Tcl Source Code

View Ticket
Login
Ticket UUID: d4e7780ca1681cd095dbd81fe264feff75c988f7
Title: "global" cmd literal sharing vs. per-interp resolvers
Type: Bug Version: 8.6.6
Submitter: gustafn2 Created on: 2016-07-21 10:03:33
Subsystem: 45. Parsing and Eval Assigned To: jan.nijtmans
Priority: 5 Medium Severity: Important
Status: Closed Last Modified: 2016-09-07 13:36:46
Resolution: Fixed Closed By: jan.nijtmans
    Closed on: 2016-09-07 13:36:46
Description:
Cmd literals are shared in the global (i.e. per-interpreter) literal pool per namespace. However, it is not guaranteed, that the cmdObj resolved for a literal via a cmd resolver is the always same for a namespace. Therefore one sees different results for a cmd depending on whether or not the a cmd literal was earlier added to the global cmd literal pool. The global shared cmd literal is taken, the result from the command resolver is ignored. 

The problem comes from a large real world application during the tcl8.5 -> tcl8.6 transition. The provided patch (see attachment) determines such situations and turns shared global literals into unshared private ones. The provided test cases are trying to reproduce the behavior in a minimalistic setup, which tries to minimalize interactions with other test cases by restricting to certain names.
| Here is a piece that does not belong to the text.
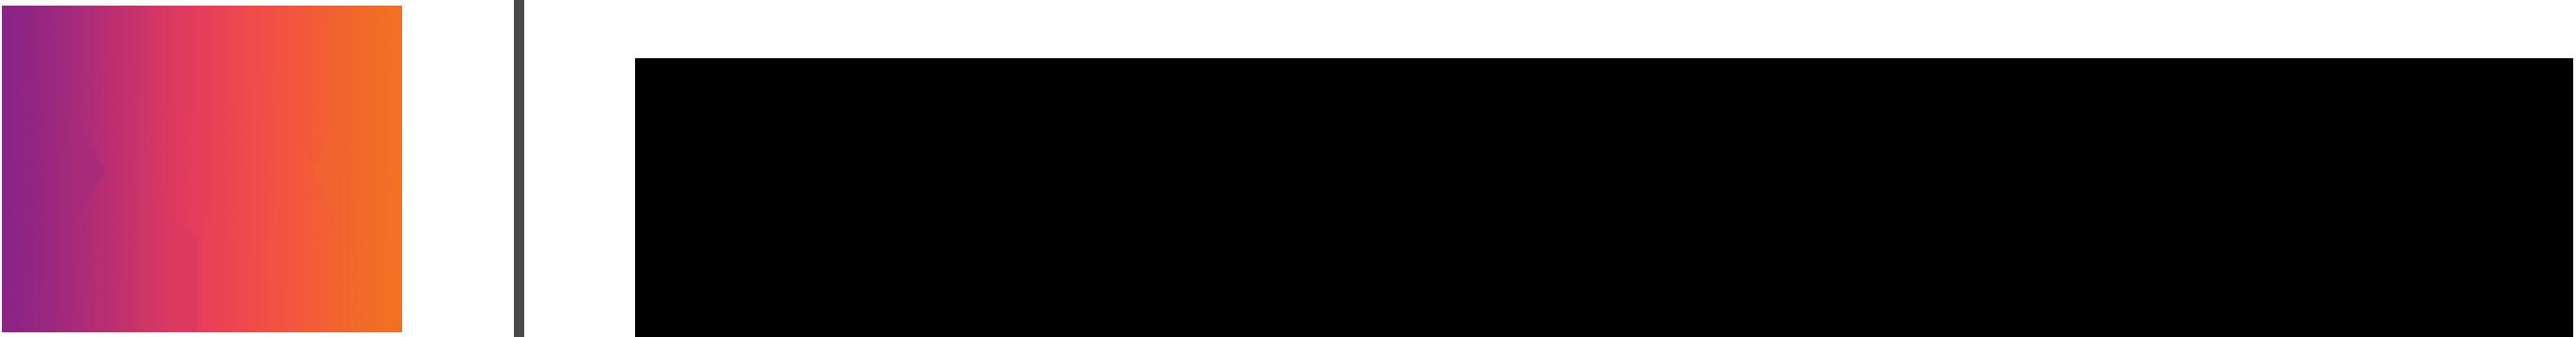 ASHR. Designs Logo

An alternative (but not so local) approach to address these kind of bugs would be to flag during cmd resolution whether a resolved command was derived from a custom cmd resolver, and to prevent the namespace based "global" sharing in such cases based on that flag.
User Comments: jan.nijtmans added on 2016-09-07 13:36:46:
Patch applied to core-8-6-branch and trunk. Gustaf, Thanks for all your work and feedback!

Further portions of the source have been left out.